多词表达的抽取方法基本分为基于统计的方法和基于规则的方法。基于规则的方法一般是具体研究某一种类型如动词短语结构等或局限于某一个特定领域,基于统计的方法则可以抽取形式独立的多词表达,也就是利用统计信息无差别的抽取各种结构和领域的多词表达。然而,现有的统计方法面临的问题有:一维互信息需要人工设定阈值,对不同数据存在适应性问题,局限于多词的二元结构,无法一次获取多词组合的多词表达,且需分步实现,多词表达库建设的准确度低。The extraction methods of multi-word expressions are basically divided into statistical methods and rule-based methods. Rule-based methods generally study a certain type such as verb phrase structure or are limited to a specific field, while statistics-based methods can extract multi-word expressions with independent forms, that is, use statistical information to extract various expressions without distinction. Multi-word expressions for structures and domains. However, the problems faced by the existing statistical methods are: one-dimensional mutual information needs to manually set the threshold, there is an adaptability problem to different data, it is limited to the binary structure of multi-words, and it is impossible to obtain multi-word expressions of multi-word combinations at one time. And it needs to be implemented step by step, and the accuracy of multi-word expression database construction is low.

发明内容Contents of the invention

本发明的首要目的在于提供一种一次性获取多词组合的多词表达,无需分步实现,有效提高多词表达抽取利用率,提高了多词表达库建设的准确度。

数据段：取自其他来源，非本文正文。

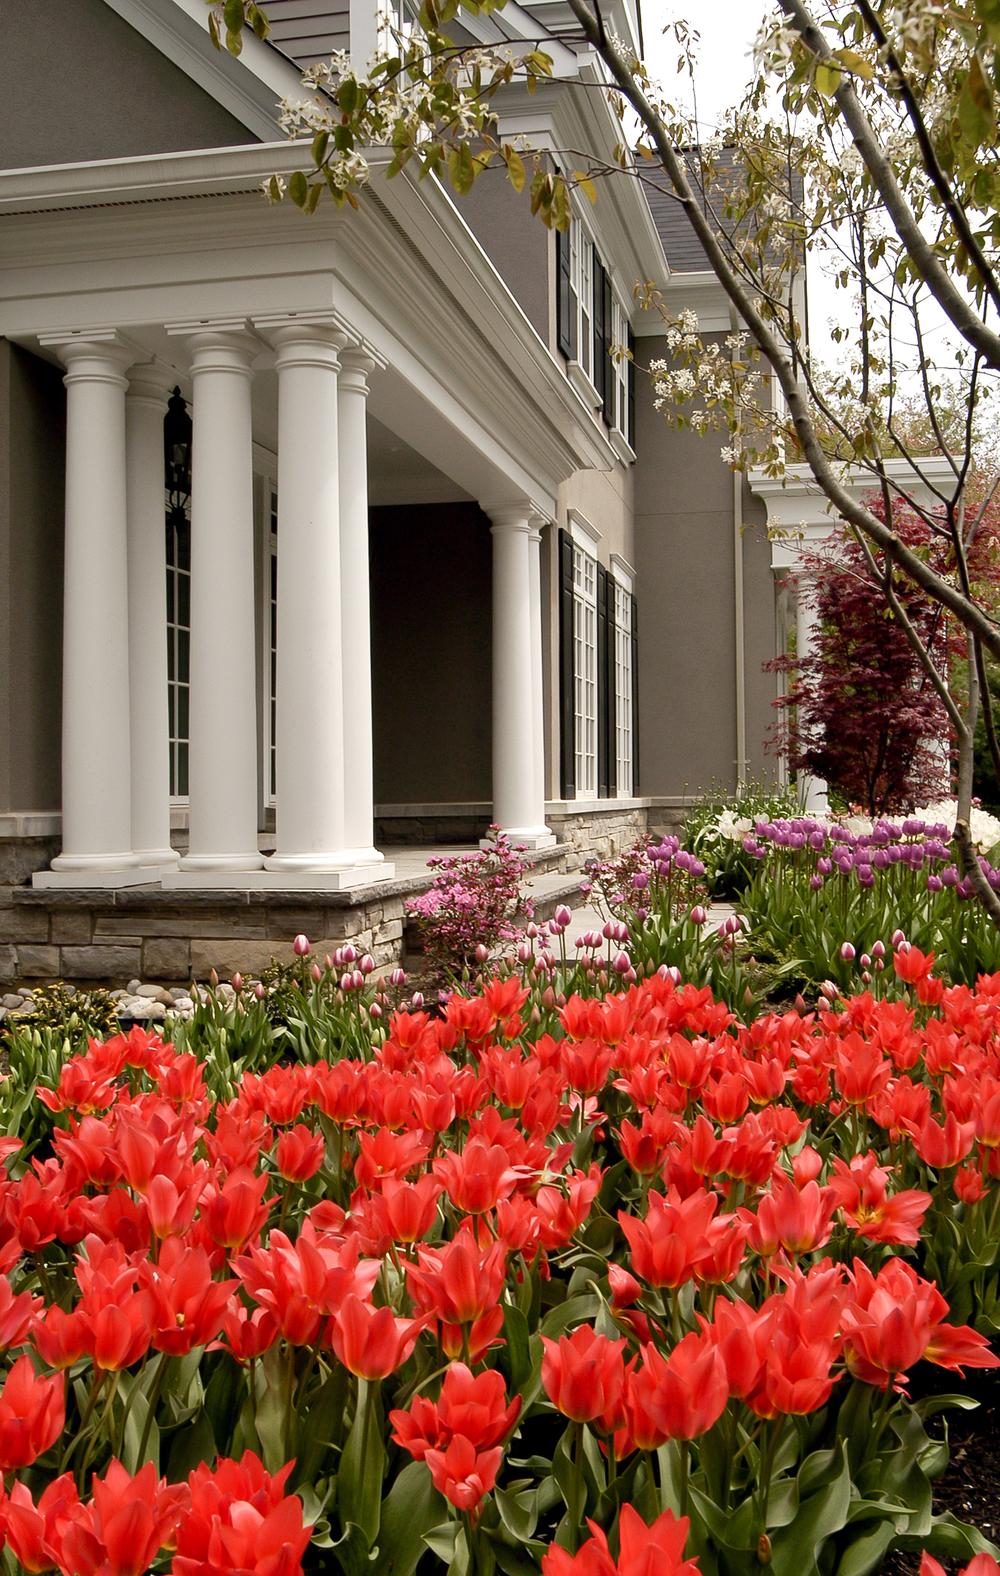 20030528-tulips.jpg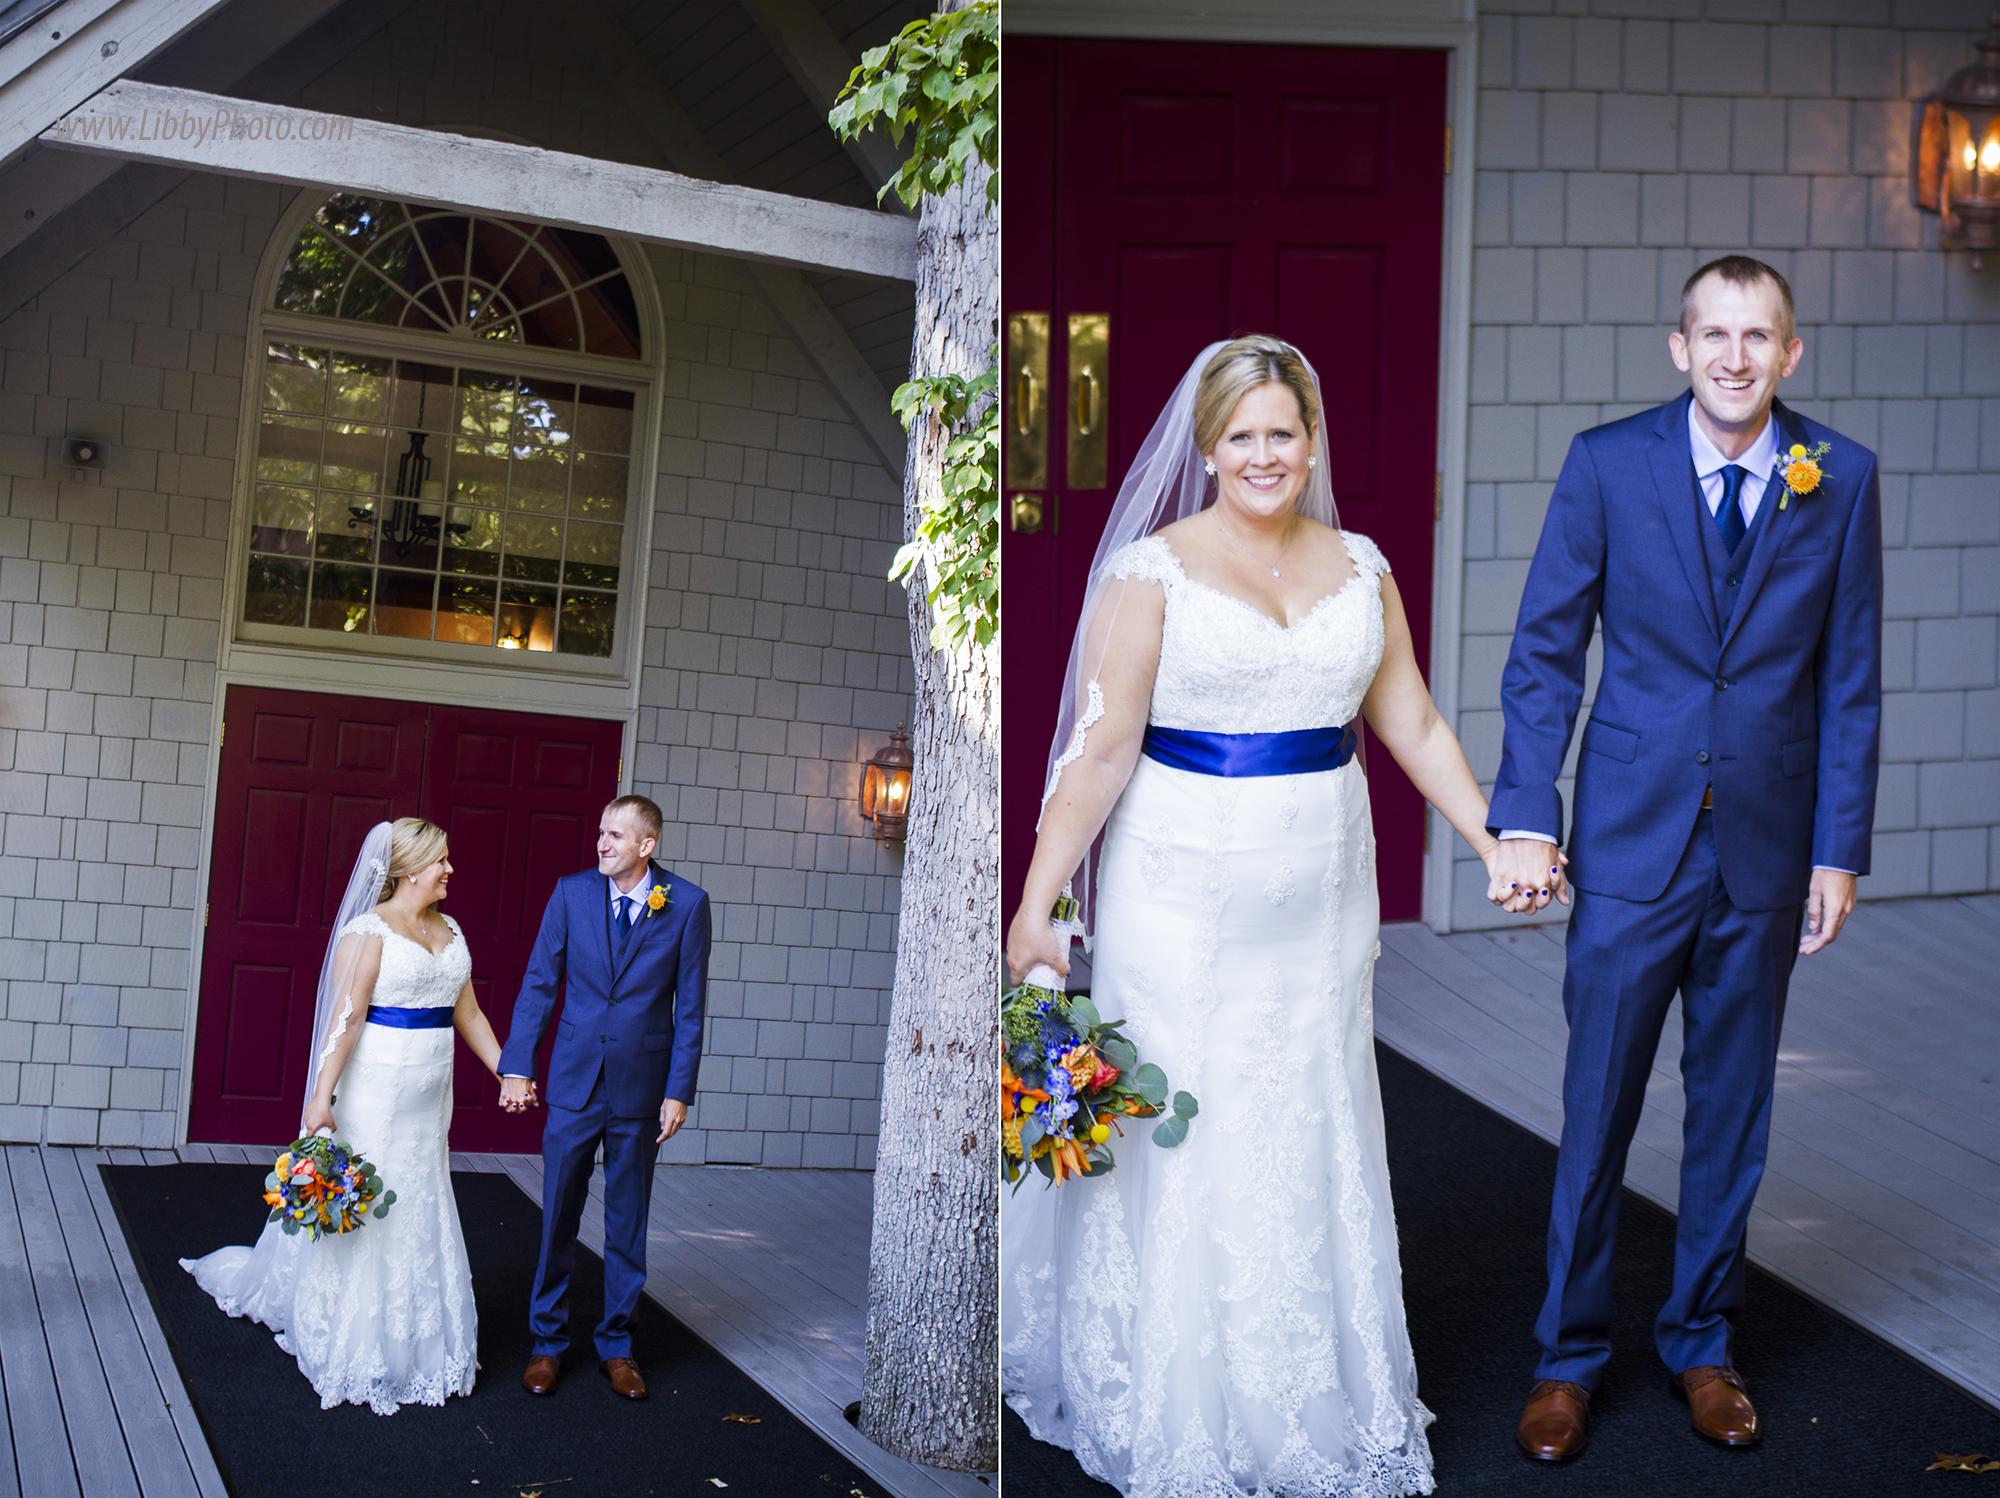 Atlanta wedding photography, Libbyphoto11 (27).jpg

The primary purpose of the present invention is to provide a multi-word expression that obtains multi-word combinations at one time without step-by-step implementation, effectively improves the utilization rate of multi-word expression extraction, and improves the accuracy of multi-word expression database construction.

为实现上述目的,本发明采用了以下技术方案,一种多词表达抽取方法,该方法包括下列顺序的步骤:In order to achieve the above object, the present invention adopts the following technical solutions, a multi-word expression extraction method, the method includes the steps of the following order:

(1)文档库采用分词和词性标注的预处理,形成源语言文档;(1) The document library adopts preprocessing of word segmentation and part-of-speech tagging to form source language documents;

(2)计算多文档中相邻词汇的互信息,并进一步计算互信息序列前后的跳变信息;(2) Calculate the mutual information of adjacent words in multiple documents, and further calculate the jump information before and after the mutual information sequence;

(3)将互信息序列与跳变信息序列构成二维互信息集合;(3) The mutual information sequence and the jump information sequence constitute a two-dimensional mutual information set;

(4)二维互信息集合采用分类器为多词表达内点和外点,选多内点链接构建多词表达。(4) The two-dimensional mutual information set uses a classifier to express inliers and outliers for multi-words, and selects multi-inlier links to construct multi-word expressions.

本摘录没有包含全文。